Phase transition, microstructural evolution and mechanical properties of Ti-Nb-Fe alloys induced by Fe addition
Materials & Design
School of Engineering
Ti-11Nb-xFe (x = 0.5, 3.5, 6, 9 wt.%) alloys were designed and fabricated by cold crucible levitation melting to study the effects of Fe addition on their phase transition, microstructure and mechanical properties. Results show that phase and properties of the alloys depend on Fe additions.
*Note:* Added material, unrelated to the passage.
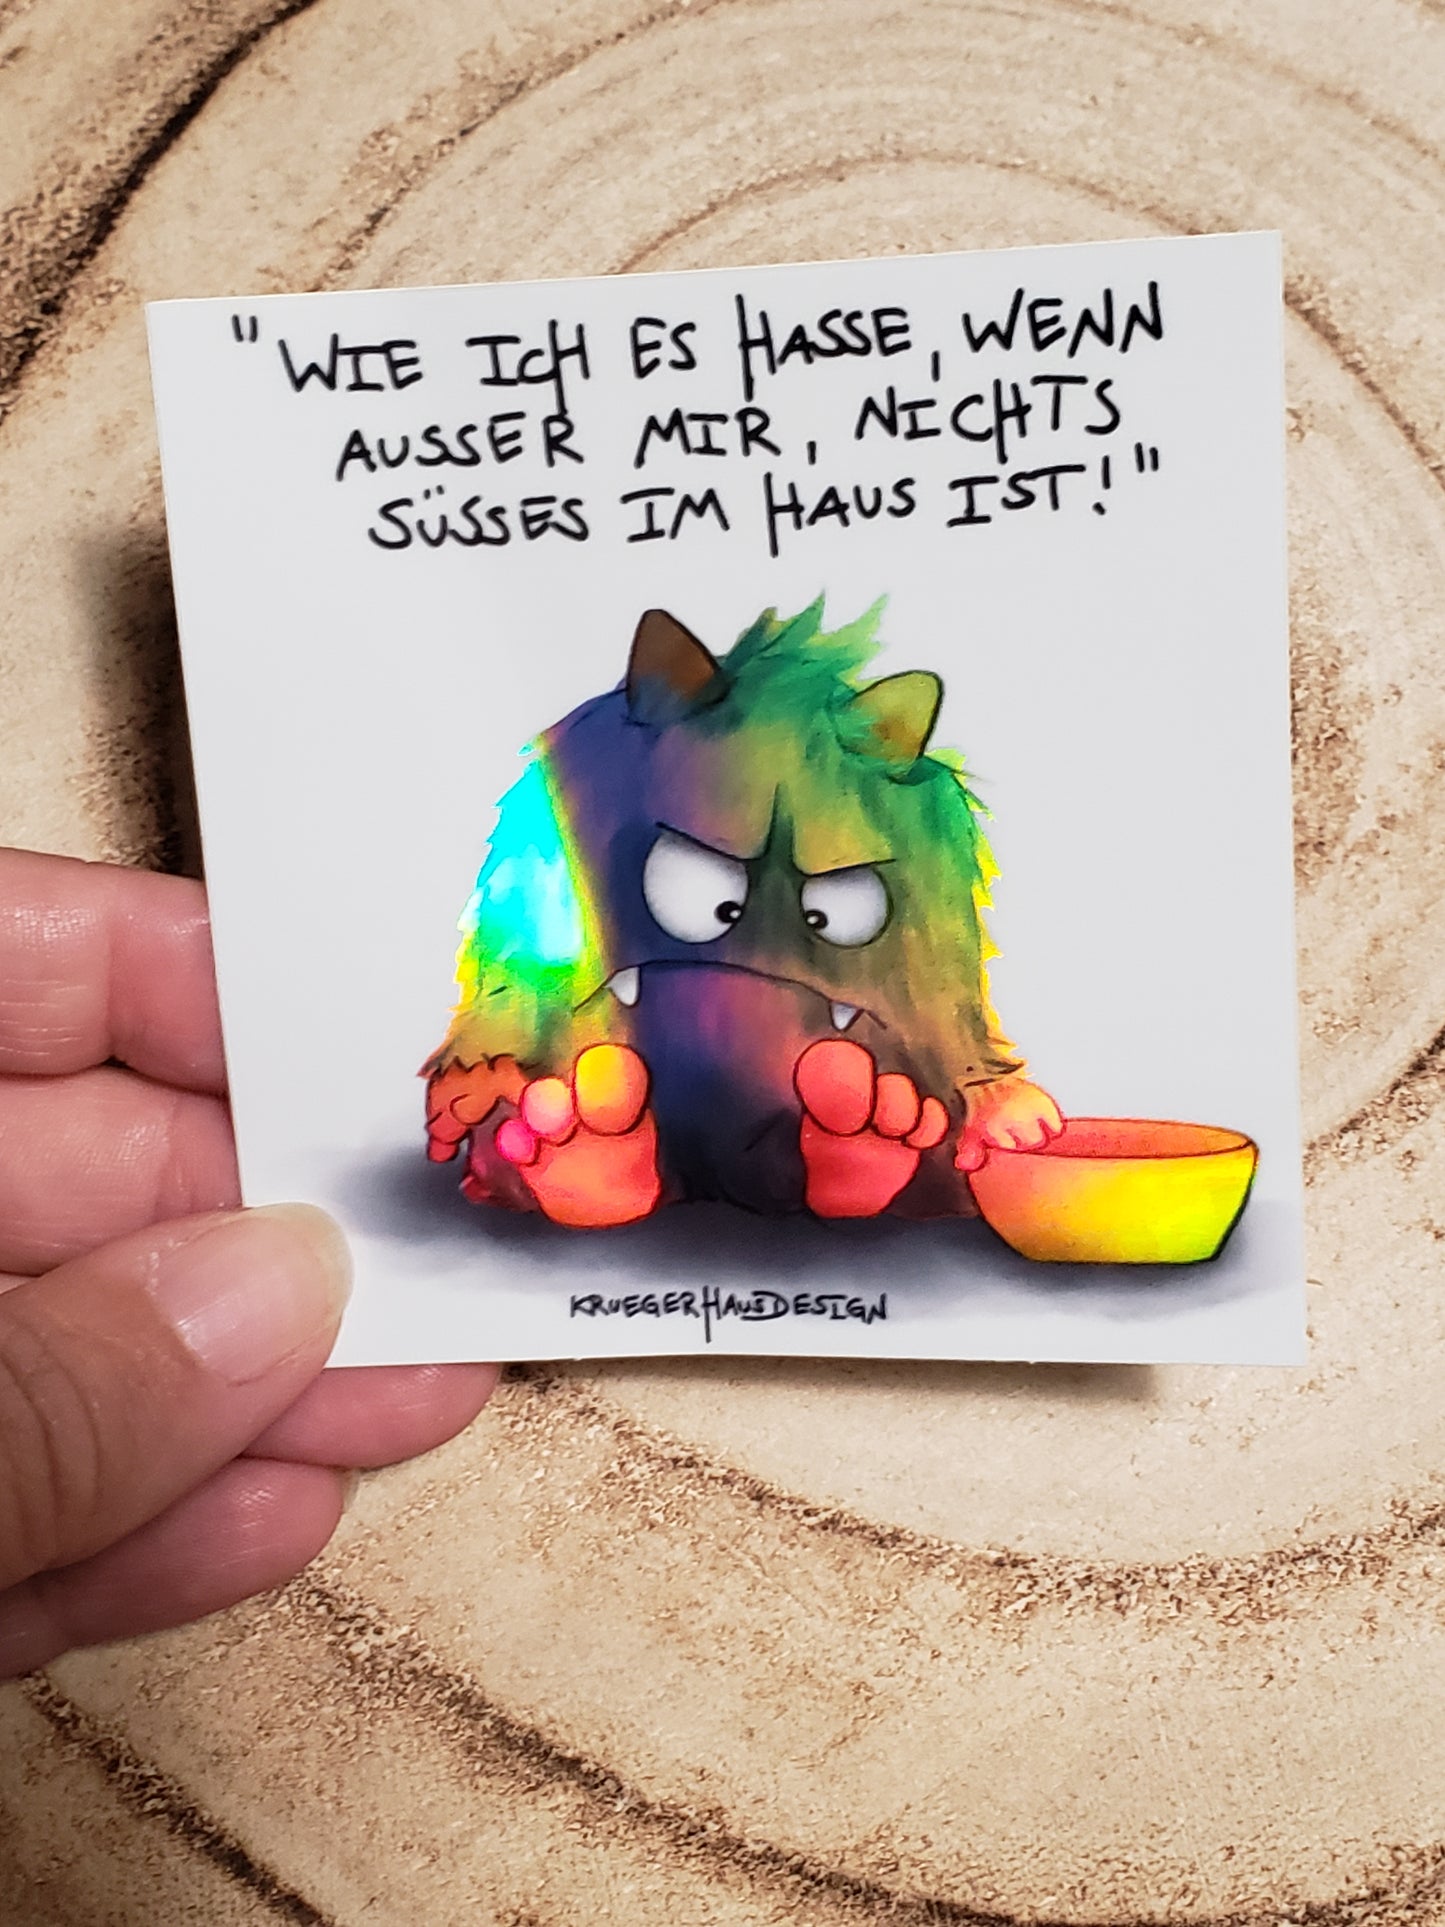 Sticker Hologram Kruegerhausdesign mit Monster und Spruch "Wie ich es hasse..."

Ti-11Nb-0.5Fe alloy presents a typical α + β biphasic Widmanstätten microstructure. Increasing Fe content to 3.5 wt.% enhances β phase volume fraction. At 6 wt.% Fe, the resultant microstructure is changed to mainly β with minor amount of α ″ phase. Finally, when Fe content is 9 wt.%, the alloy exhibits a single β phase microstructure suggesting Fe addition is effective in suppressing α and α ″ formation, hence making β more stable. Compressive yield strength and hardness of the alloys are 796-1137 MPa and 278-357 HV5 respectively. It is noteworthy that upon increasing Fe content, the elastic modulus of the alloys decreases, while their plastic strain and elastic energy are enhanced due to retention of more β phase. The lowest elastic modulus (82 GPa) and highest plastic strain (38%) are observed in full β Ti-11Nb-9Fe alloy. Moreover, Ti-11Nb-9Fe presents higher elastic energy (7.08 MJ/m3) than that of some commercial Ti-based biomaterials. The results suggest that Ti-11Nb-9Fe is a promising candidate for biomedical applications.